ASSIGNMENT: Restate word for word only the lines running from the one with "SAH, Fron prestekontor, H/Ha/Haa/L0001: Ministerialbok" to the end of the data, both ends included. Omit any pictures.

SUPPLIED MATERIAL:
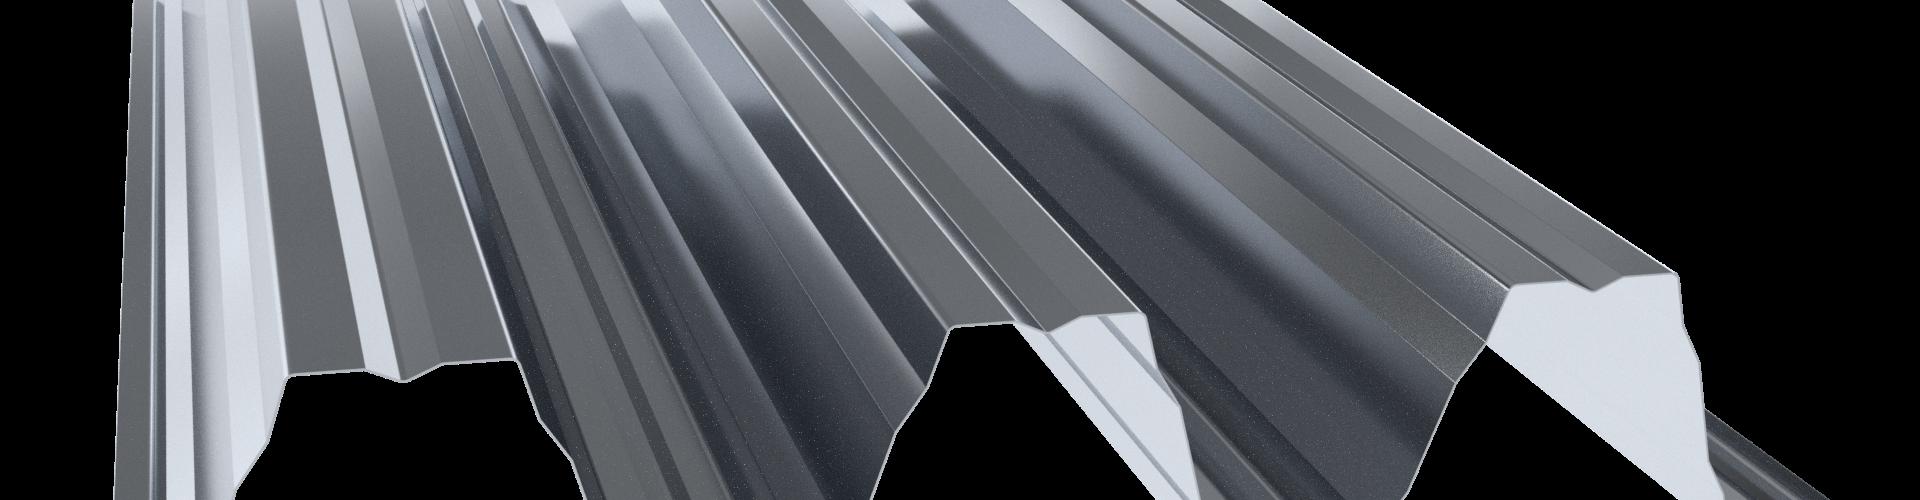 Konstruktionsprofil T155
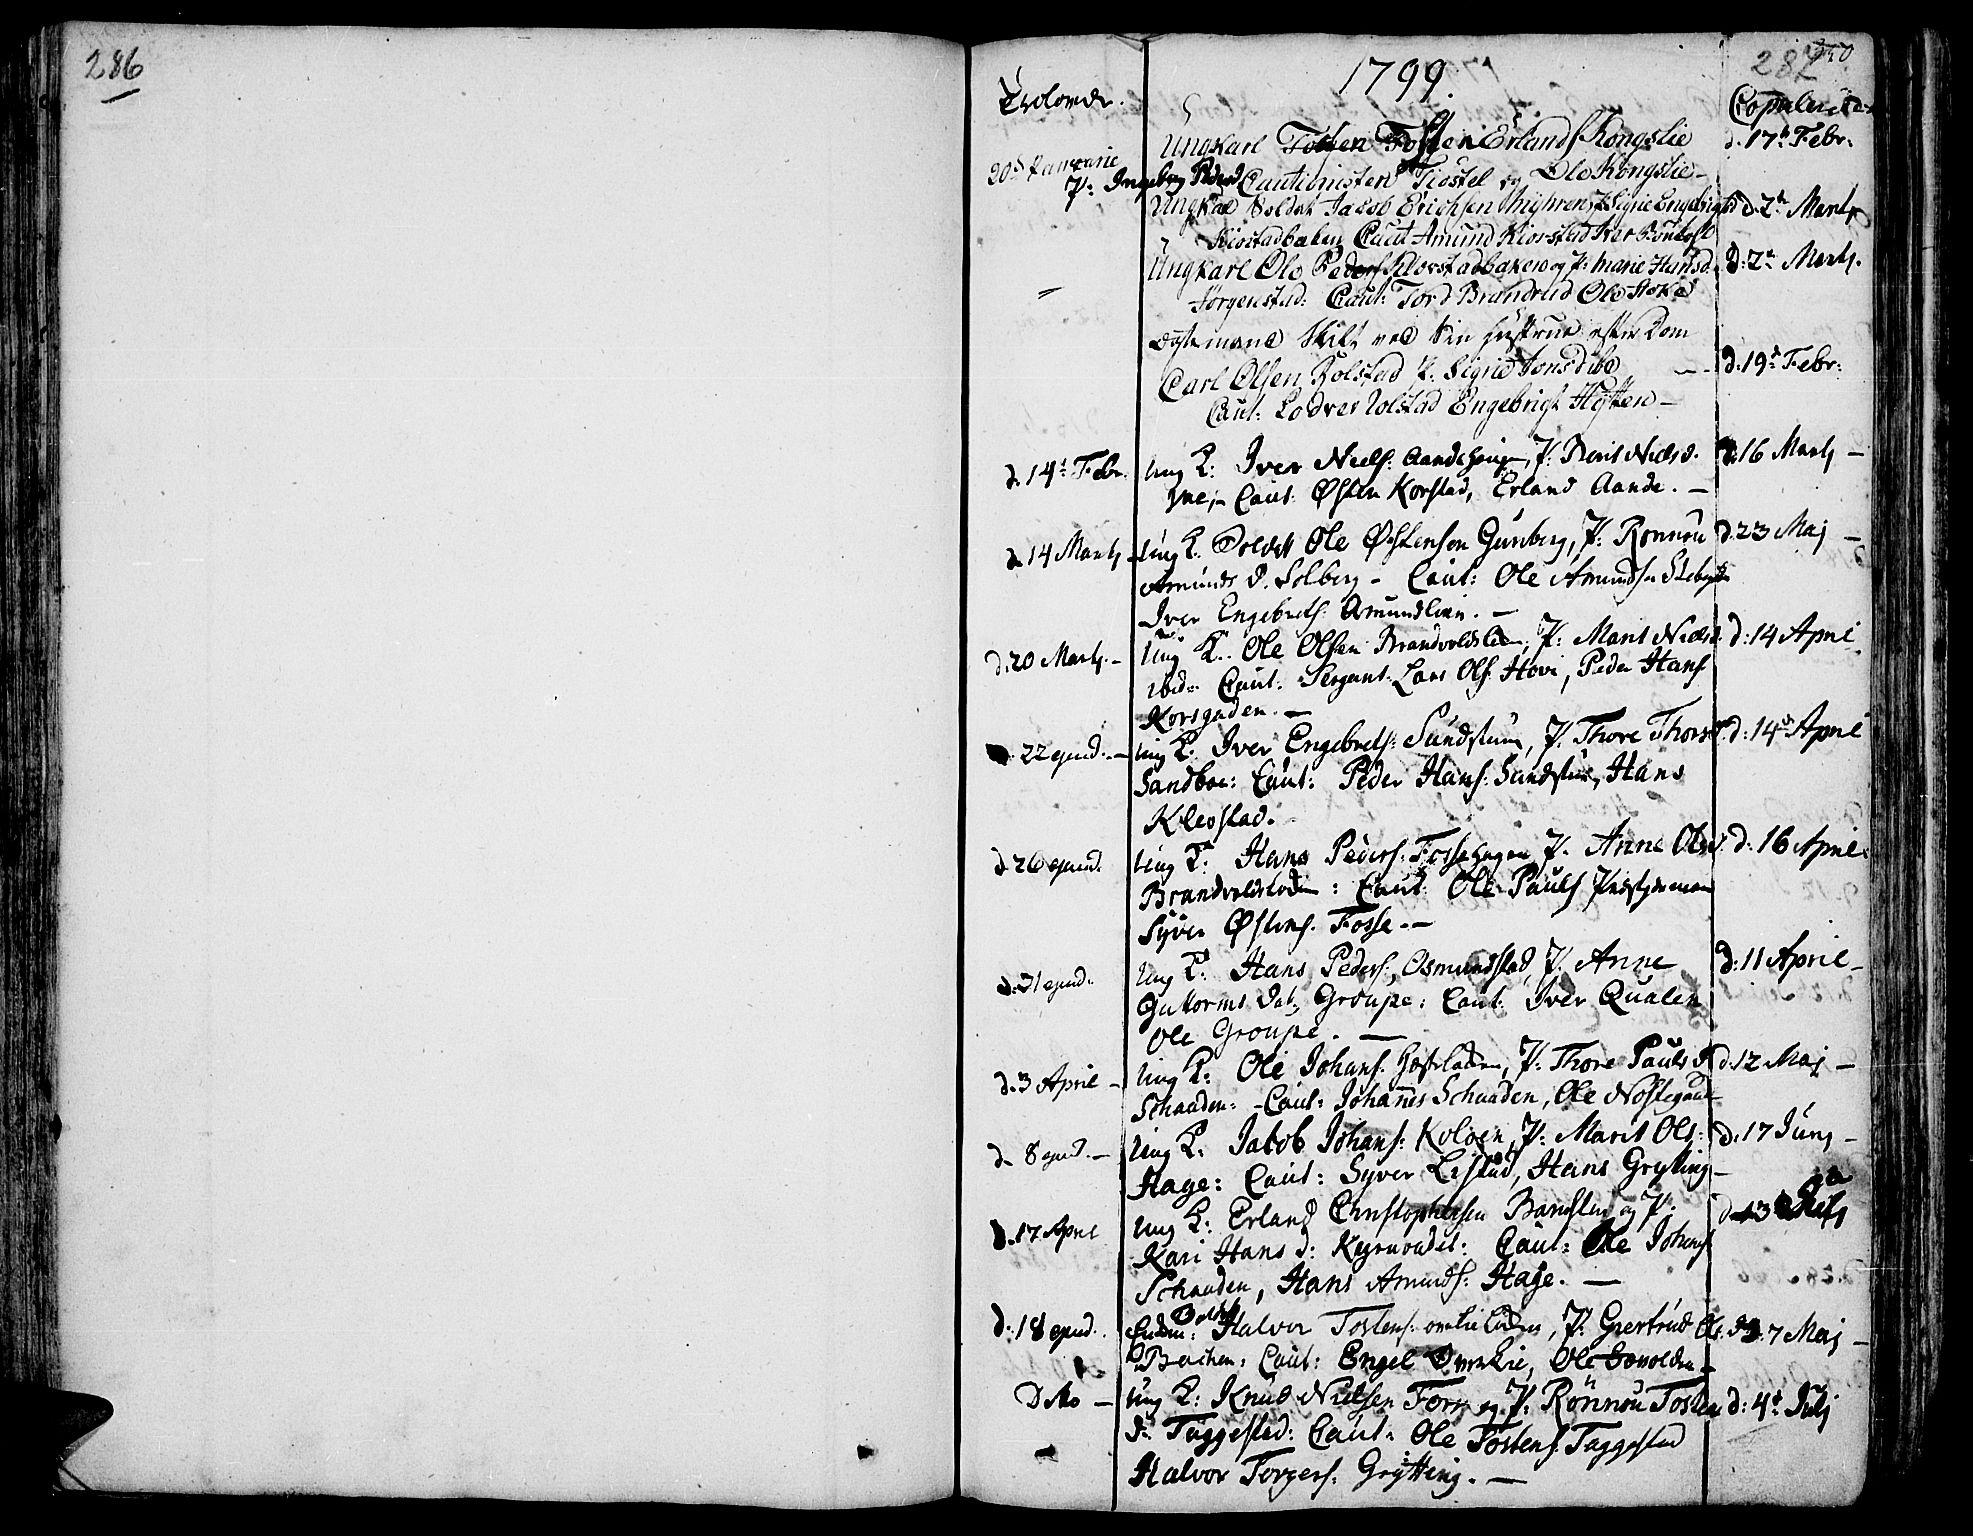 SAH, Fron prestekontor, H/Ha/Haa/L0001: Ministerialbok nr. 1, 1799-1816, s. 286-287
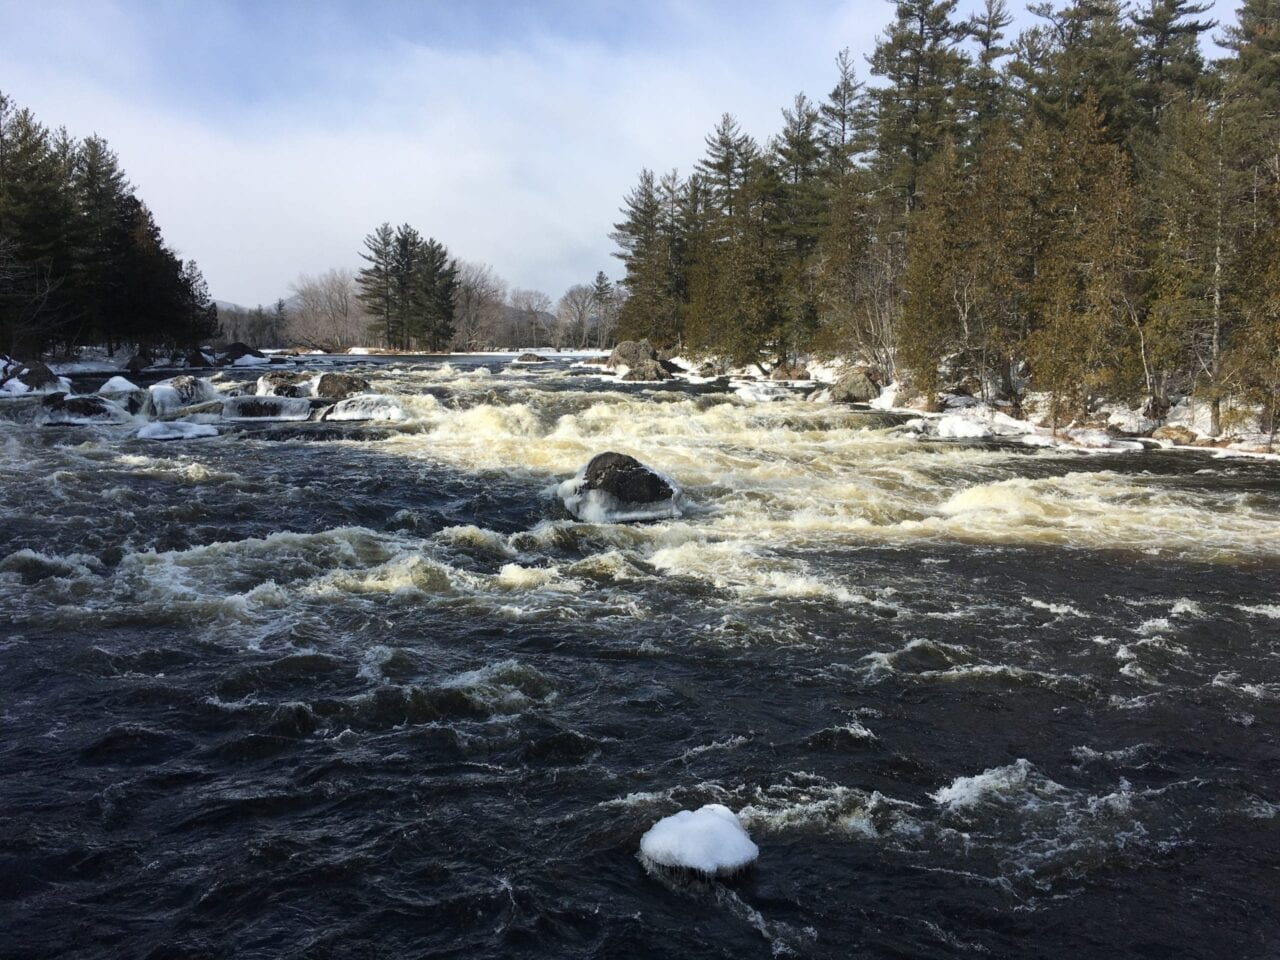 Sunlight illuminates whitewater on a rocky river.
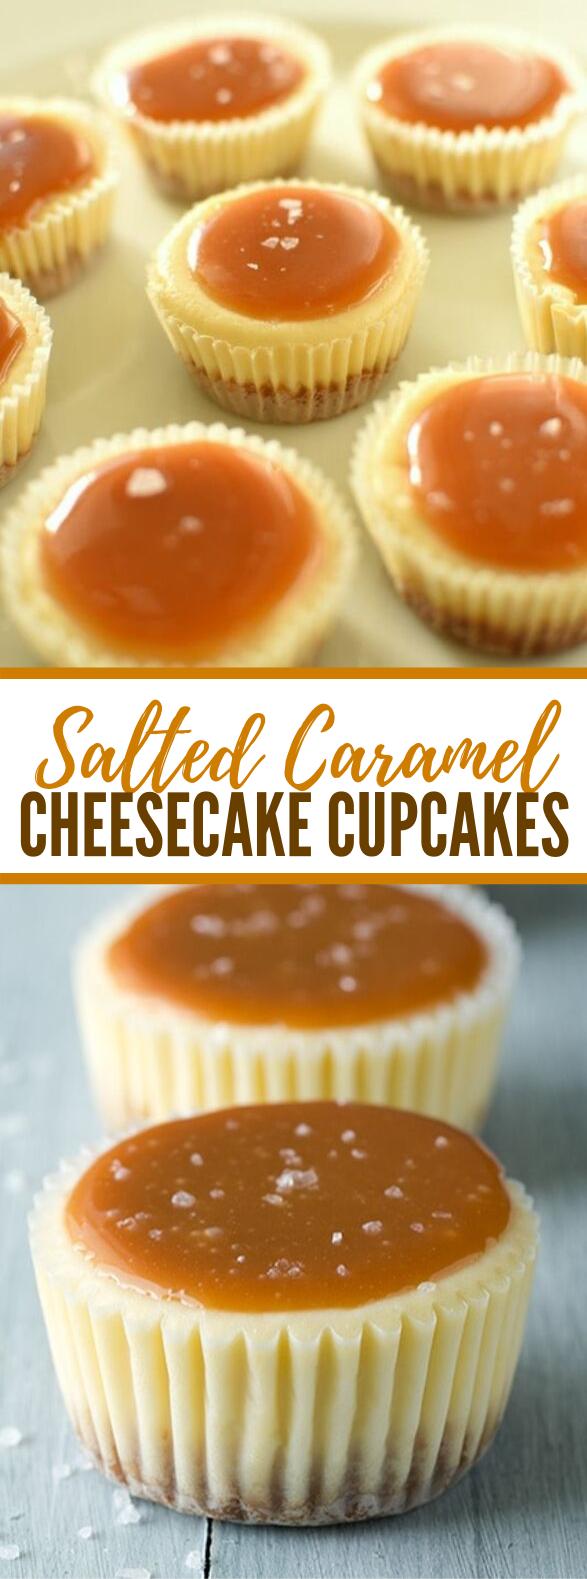 Salted Caramel Cheesecake Cupcakes #desserts #minicheesecake

WRITTEN REPLY:
 SAH, Fron prestekontor, H/Ha/Haa/L0001: Ministerialbok nr. 1, 1799-1816, s. 286-287
 Sunlight illuminates whitewater on a rocky river.
 Salted Caramel Cheesecake Cupcakes #desserts #minicheesecake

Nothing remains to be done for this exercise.